#### TASK DIRECTIONS:
Retype, exactly and completely, the listing that comes next, skipping its images.

#### STORED DATA:
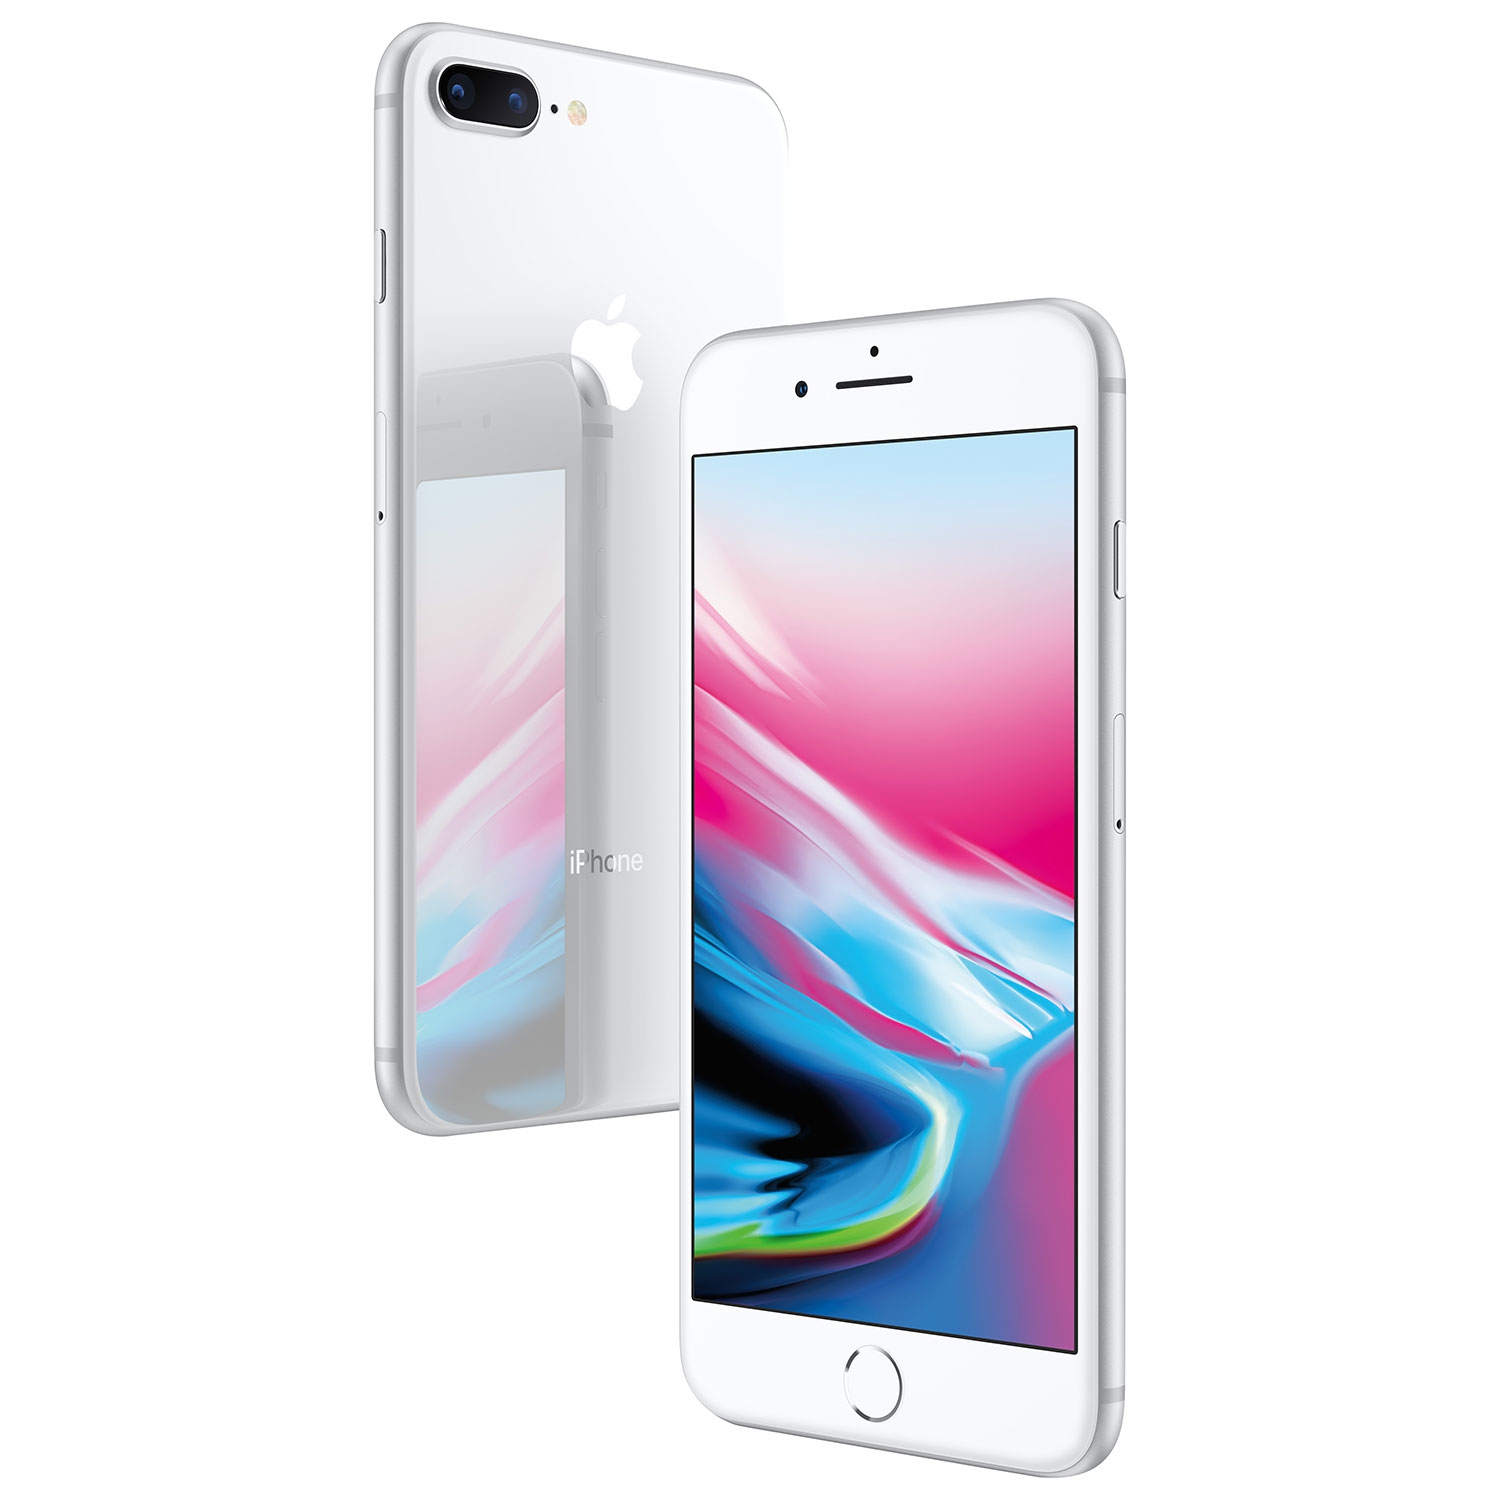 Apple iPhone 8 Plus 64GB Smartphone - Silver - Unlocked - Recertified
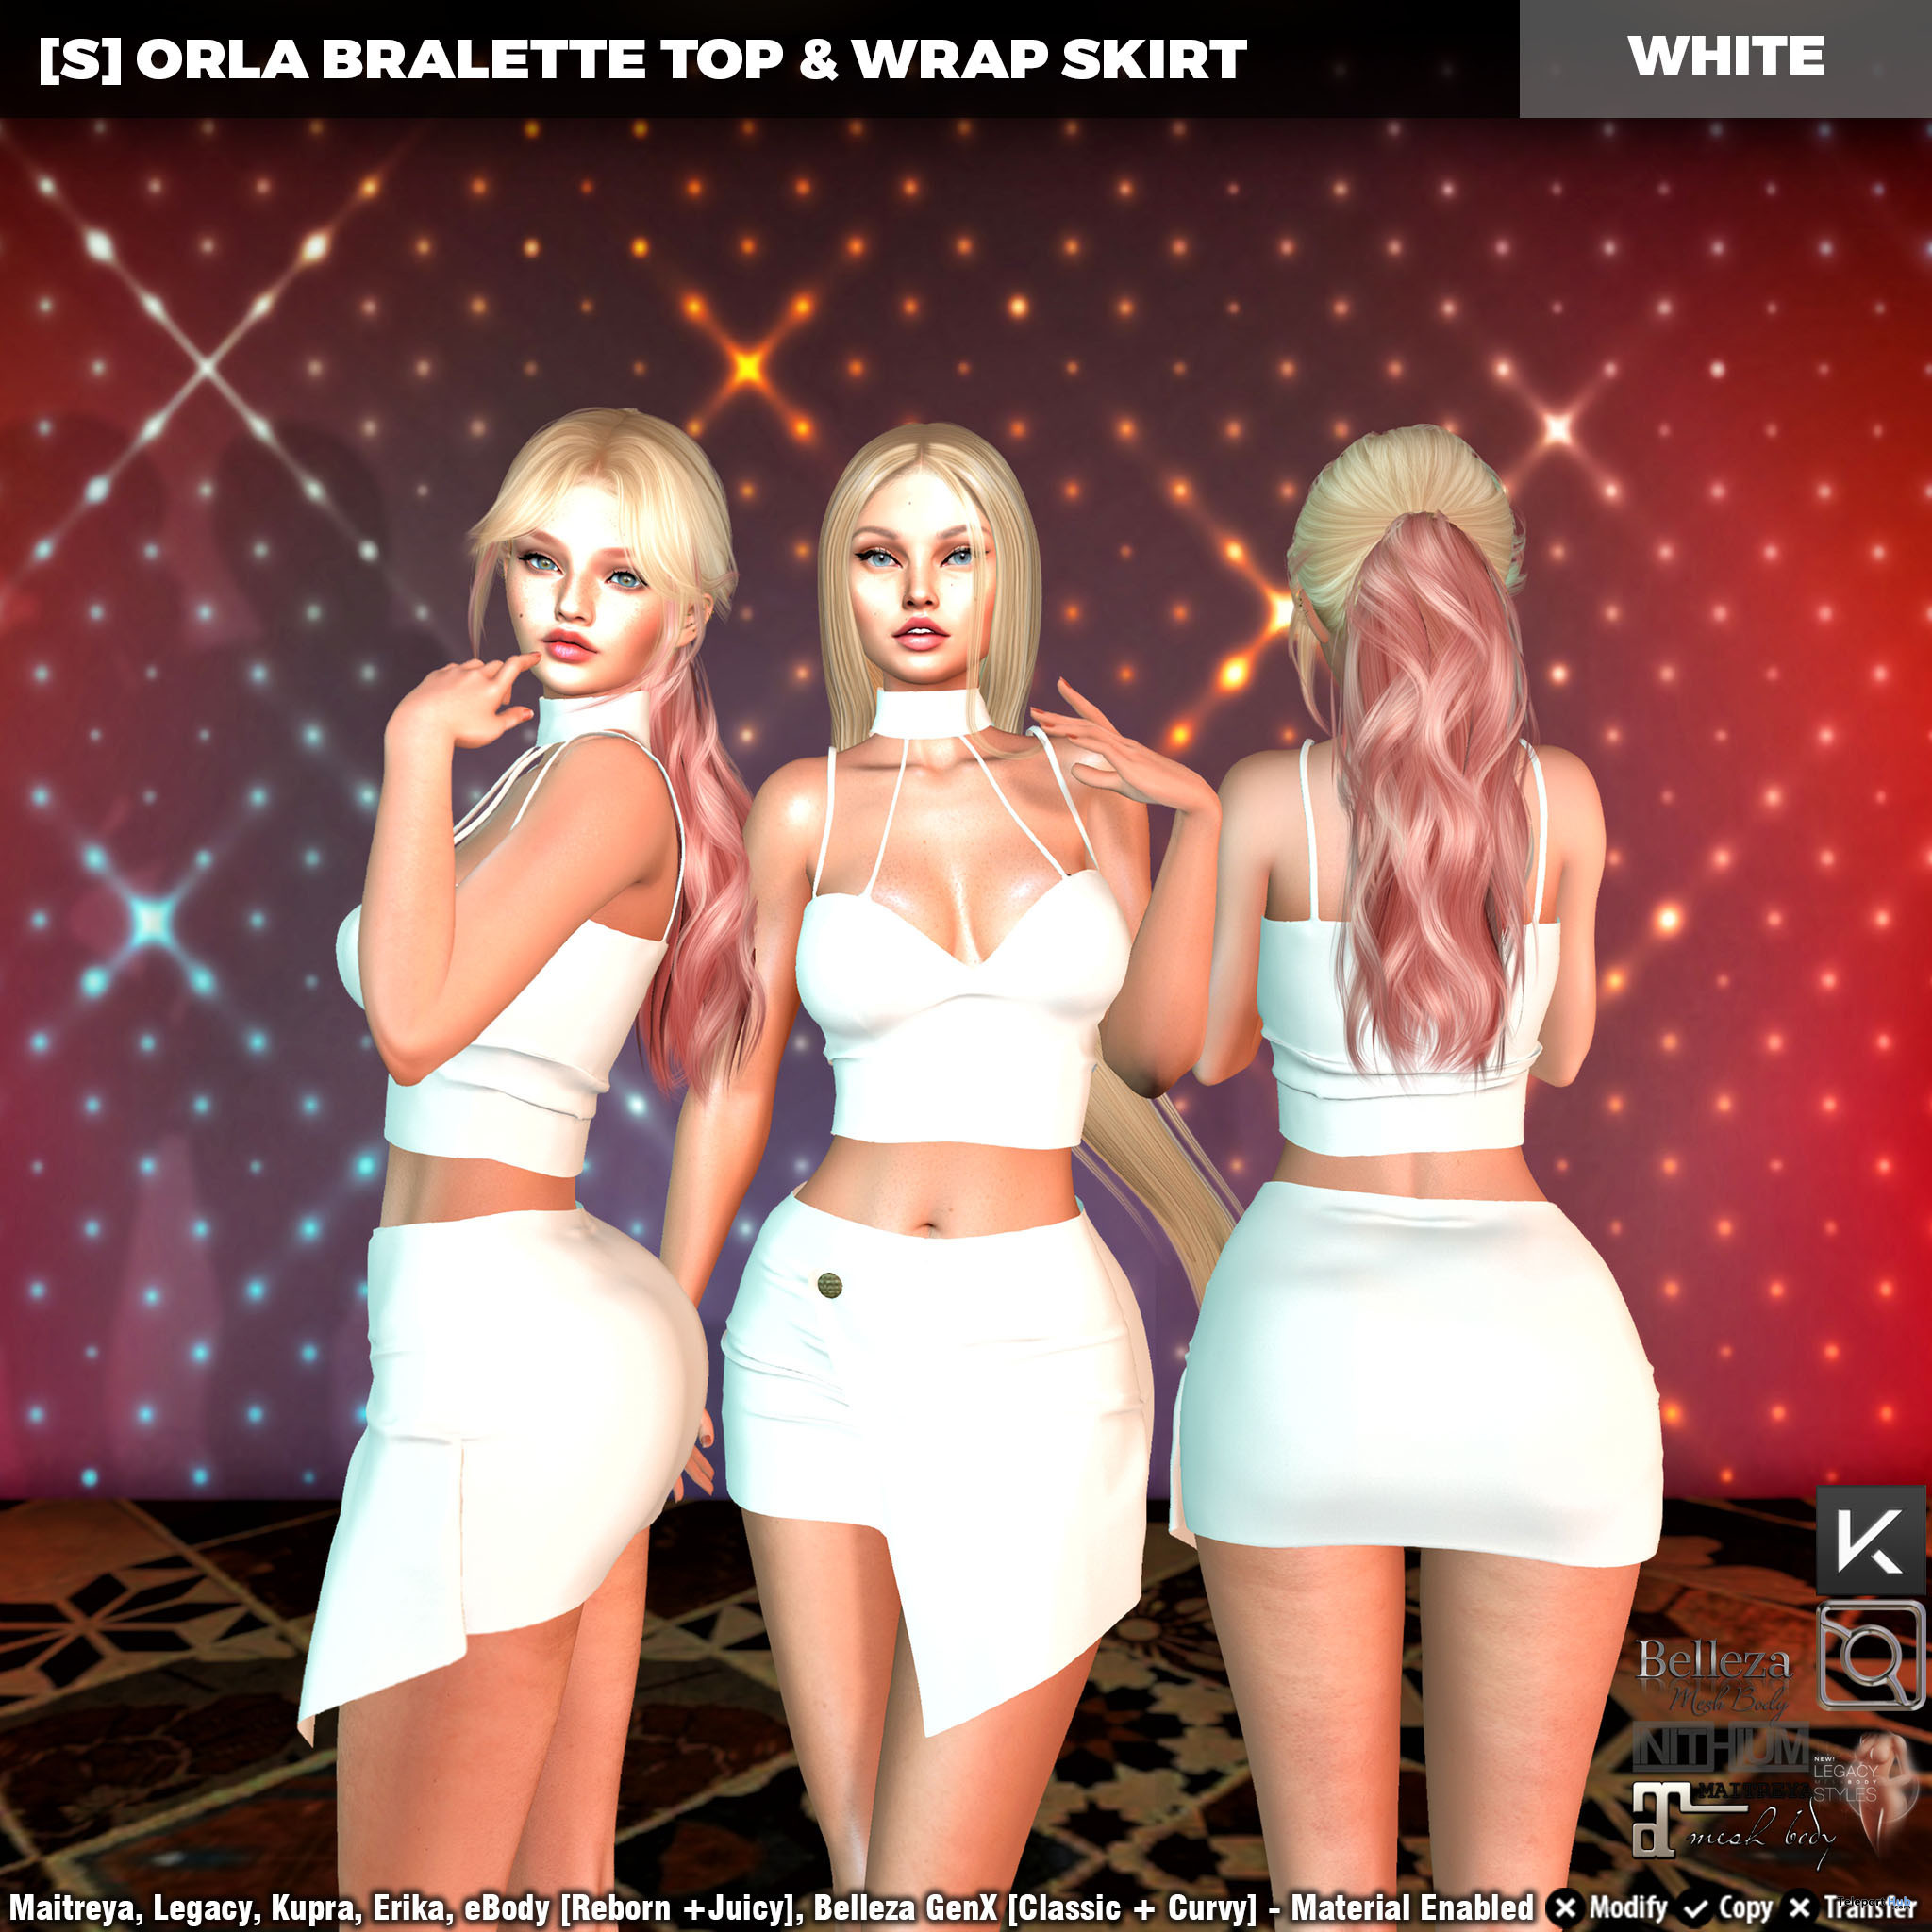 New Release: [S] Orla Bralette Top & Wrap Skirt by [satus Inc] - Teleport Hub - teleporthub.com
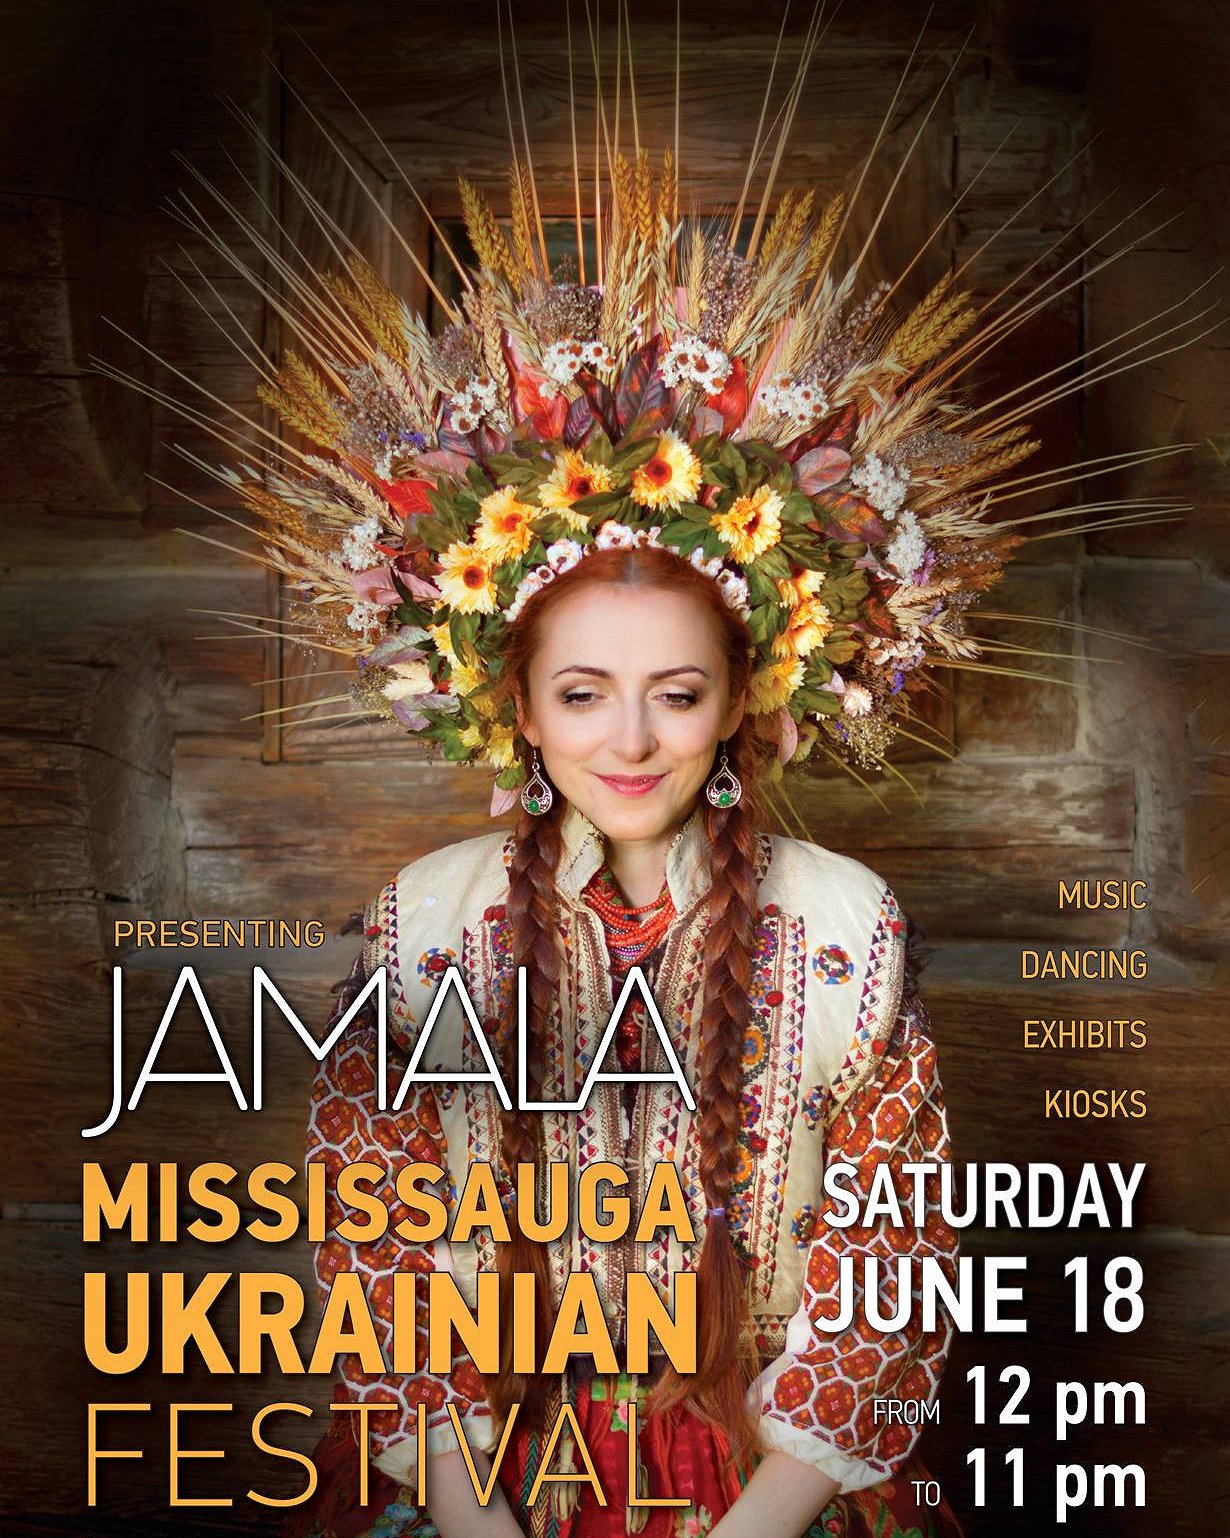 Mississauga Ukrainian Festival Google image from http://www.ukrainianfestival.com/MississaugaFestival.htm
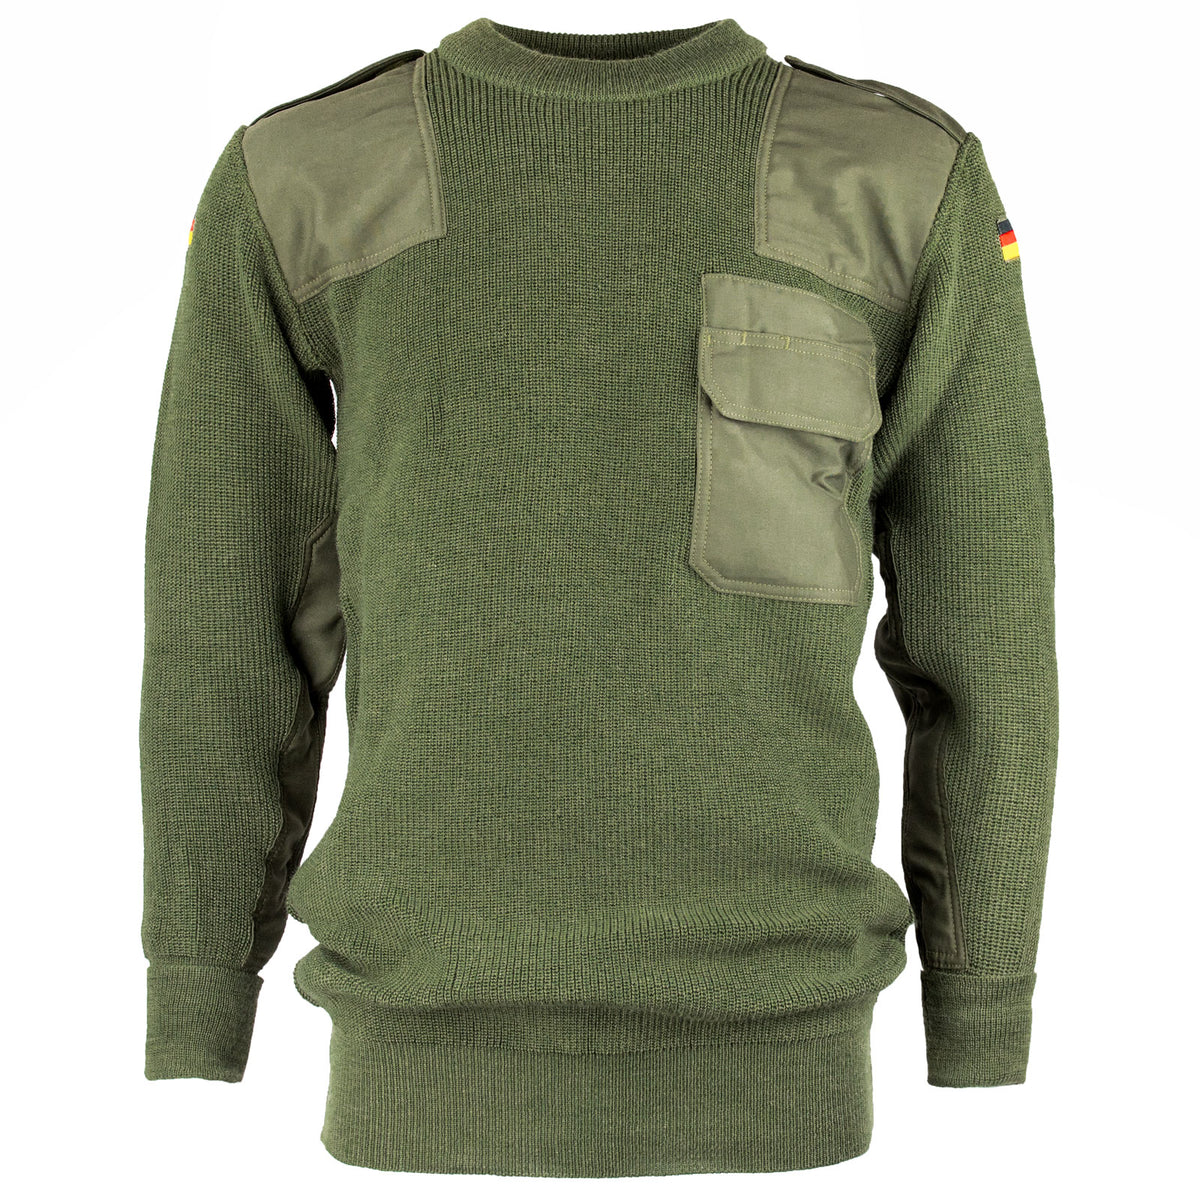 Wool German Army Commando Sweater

#### SOLUTION TO THE EXERCISE:
 Apple iPhone 8 Plus 64GB Smartphone - Silver - Unlocked - Recertified
 New Release: [S] Orla Bralette Top & Wrap Skirt by [satus Inc] - Teleport Hub - teleporthub.com
 Mississauga Ukrainian Festival Google image from http://www.ukrainianfestival.com/MississaugaFestival.htm
 Wool German Army Commando Sweater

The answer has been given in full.